歌詞であること(リズムや音数、旋律との兼ね合いですべて書くことはできない)といった理由もありますし、書きすぎてただの説明文になってしまったらそれはもはや鑑賞の対象ではなく、鑑賞の対象にすらなり損なってしまう。感情を表す言葉が受け手にその感情を呼び起こすわけではない、といった理由からです。

 

動機と結果が違って見える

ここまで見ると、語りたいこと(動機)とその表現(アウトプット)の粒度や抽象度が違うということがわかるのではないでしょうか?

 

抽象的なことを書くためにの思考や経験が抽象的なわけではないのです。

 

どちらかというと今回については、具体的な出来事から、大切なもののエッセンスを見定め、その感覚を呼び起こさせるために必要なものを残したら、この日本語詩になったということなのです。

 

逆にいうと、抽象的な作品から自分にとっての具体的なことを想起してもよい。ということも言えるのではないでしょうか。

これは、作者の作品の作り方の一例
必ず同じ作り方をするわけでもないし、作者によっても異なる。


これが今回提唱する鑑賞のヒントになると感じています。

 

3.実践に向けて:鑑賞とは

「意味を受け取ること」ではなく「意味を生成すること」

前の章で「英語詩は日本語詩(原詩)の解釈の一例にもなっている」と申し上げました。

ただ、こう思った方もいるのではないでしょうか?「結局誰の何を描いているのかがわからない…」

そうです、この英語詩の状態でもご覧になっているあなたに具体的に起きた出来事からは程遠いからです。

 

では、この状態でどうするのか?

 

それは、「自分の記憶・経験・人物像を“仮に投影して読む」ということです。

 

例えば、

  • 「これは“亡くなった肉親”として読んでもいいし、“昔の自分”として読んでもいい」
  • 「あるいは“未来の自分から過去の自分を見る視点”でも成立する」

というようなイメージです。

 

要は、自分が納得できるまでその作業をすればよいということです。

繰り返しになりますが、作品が発するメッセージに対峙しつつ、ただ、作品に意味付けをする、意味を見出すのは「あなた自身」なのです。

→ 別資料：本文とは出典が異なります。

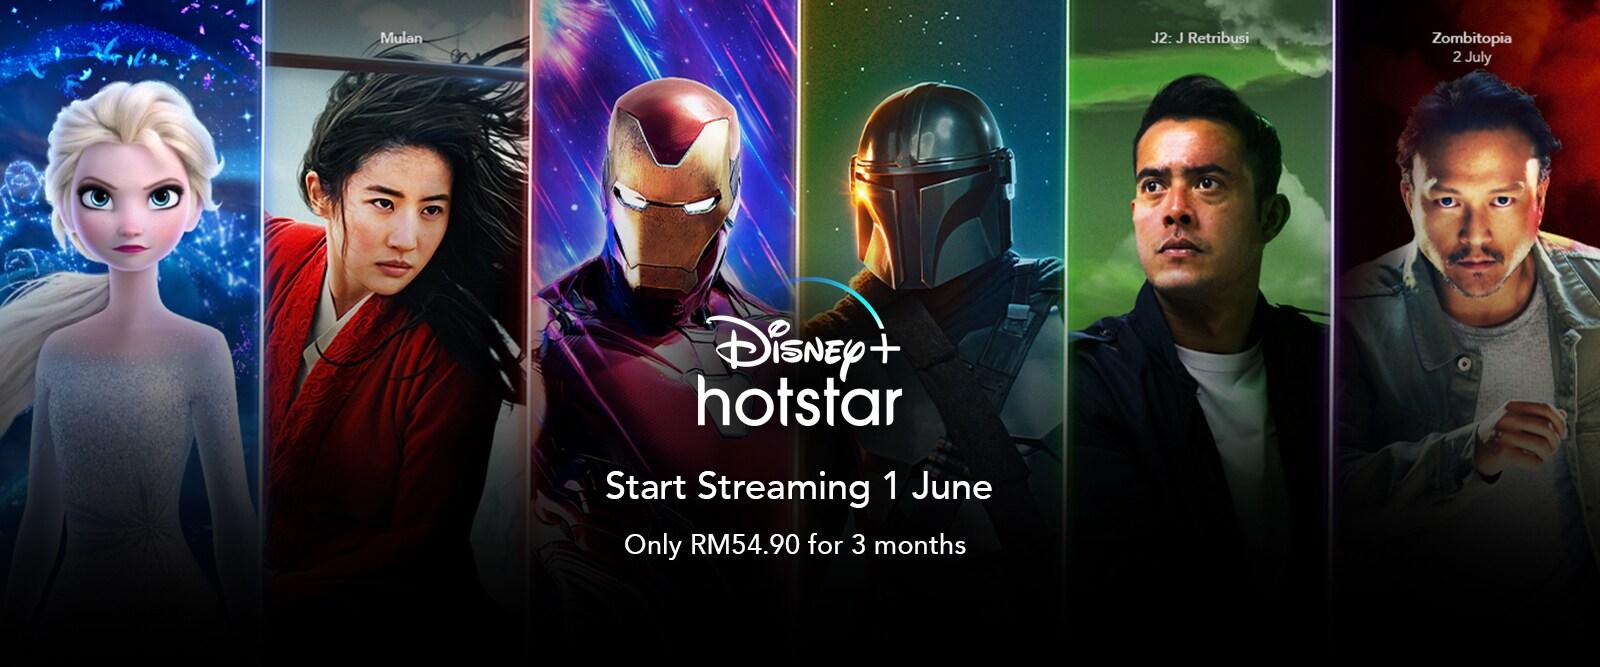 Disney+ Hotstar Malaysia Pre-Launch   Homepage

これは、鑑賞というものは、こういう形を取ることが多いように思うという一例で、このやり方が正解なわけではありません。

 

解釈は受け取った時に応じて変わっていい

解釈や感想というのは、人によるという点はすでに触れましたが、「人それぞれに」という意味のみならず「受け取ったタイミング」でも変わりうるという点も踏まえておくのがいいと思います。

 

人間は時間とともに経験を積み続けています。精神の状態も変わります。

同じものを鑑賞したとしても同じように受け止めるとは限らないのです。

 

このようなエッセイを書いておきながら、筆者もまだ試行錯誤の途中です。

 

「わからない」状態は贅沢かも

この納得するという作業を持ってしても「わからない」という状態になることもあるでしょう。

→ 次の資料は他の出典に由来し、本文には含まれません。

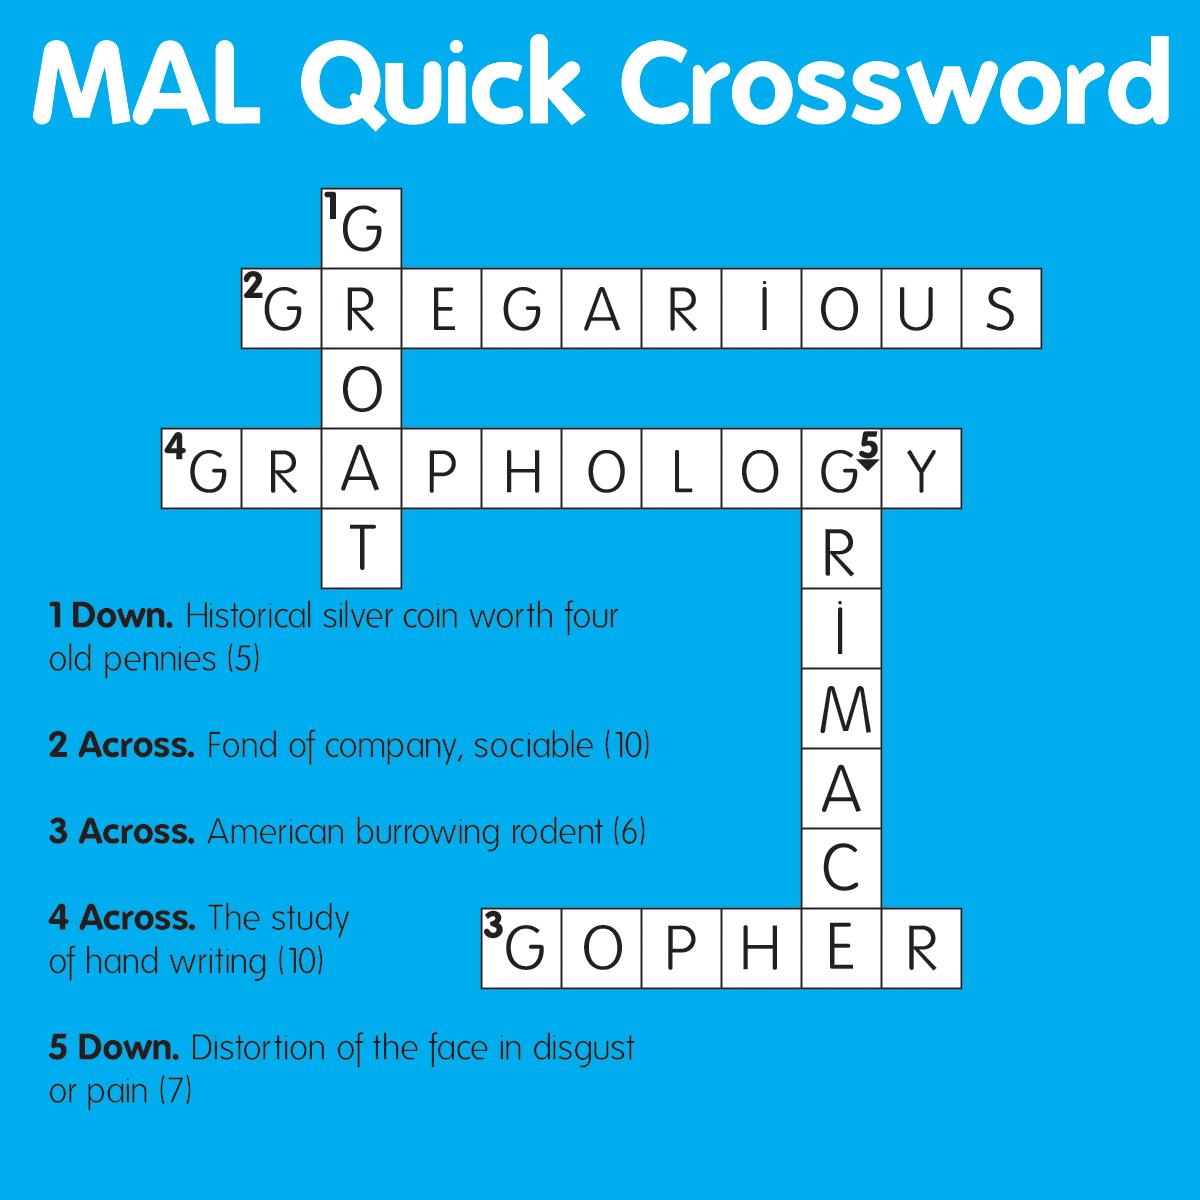 Market avenue social media management crossword puzzle answers market avenue social media management crossword puzzle answers here are the solutions fandeluxe Image collections

ただ、「わからない」という状態もまた贅沢なものです。

わかってしまったら(わかった気になってしまったら)戻ることができない状態なのですから。

 

「わからない」は“入口”であってけっして“失敗”ではありません。

 

「わからない」ということも状態として面白いを楽しめるようになるといいかもしれませんね。

 

大切なのは楽しめるかどうか

ここまで、ハードルを上げるようなことを書いてしまいましたが、最後に一番大事なのはそれを「楽しめるのか」ということなのではないかと思っています。

 

仮に、解釈ができなかったとしても悲観する必要はありません。

なんとなく好きだなでよいと思います。

 

わかったときも、わかった気になったときも、わからなかったときも、自分の内面と対峙してその状態を楽しいと思えたら、きっとそれは素晴らしい時間になっていることでしょう。

 

補足:作品とは現在化する余地のある過去である

もう一点、鑑賞者が貴重であることとして触れておきたい持論があります。

作品とは、あくまでも過去のものだと感じています。産み落とされた時点で完成し、変わることがありません。

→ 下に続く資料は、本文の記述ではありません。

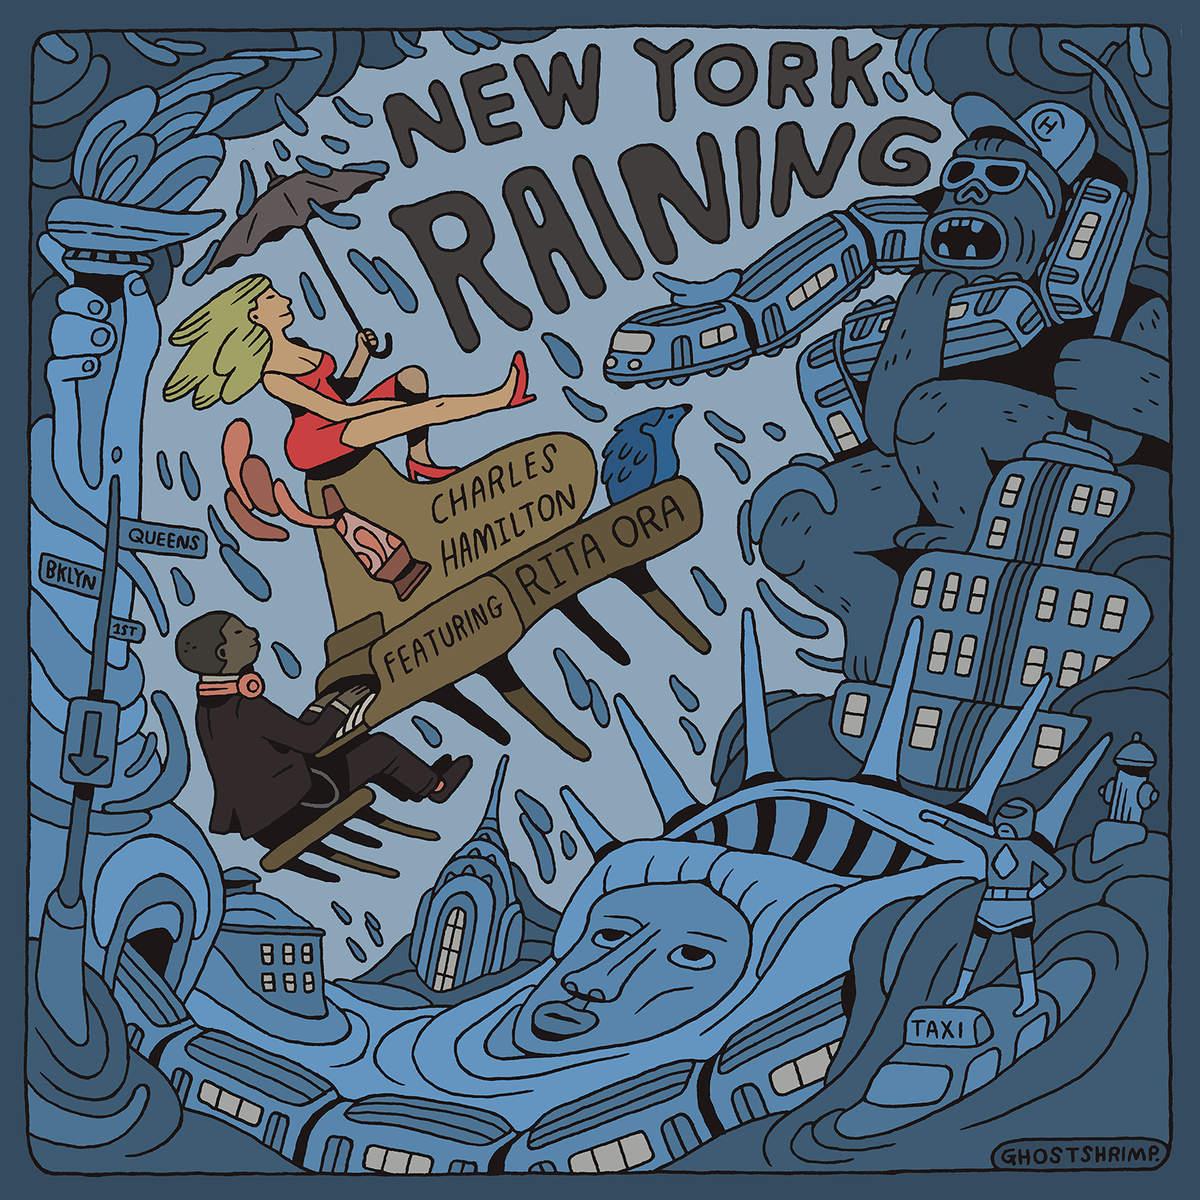 Charles-Hamilton-New-York-Raining-2015-1200x1200.png

もちろん変わっていく作品もありますが、それはまだ定まっているものではなく、今回ターゲットとしている作品とは別のものであると思ってください。

 

作品が過去に生み出されたときから姿形を変えることができなかったとしても、それを現在化の生ある状態に戻すことができます。

 

鑑賞者は作品に生を吹き込む重要なピースの一つです。

 

終わりに

鑑賞をするというのは、本当に贅沢なことだと思います。

この贅沢な行為を最大限楽しんでいきたいものですね。

 

しかし、そんな最中に“この曲、何を言ってるの?”と思ったとき、
 それは正解を探す問いではなく自分の中に意味を生み出す入口なのかもしれません。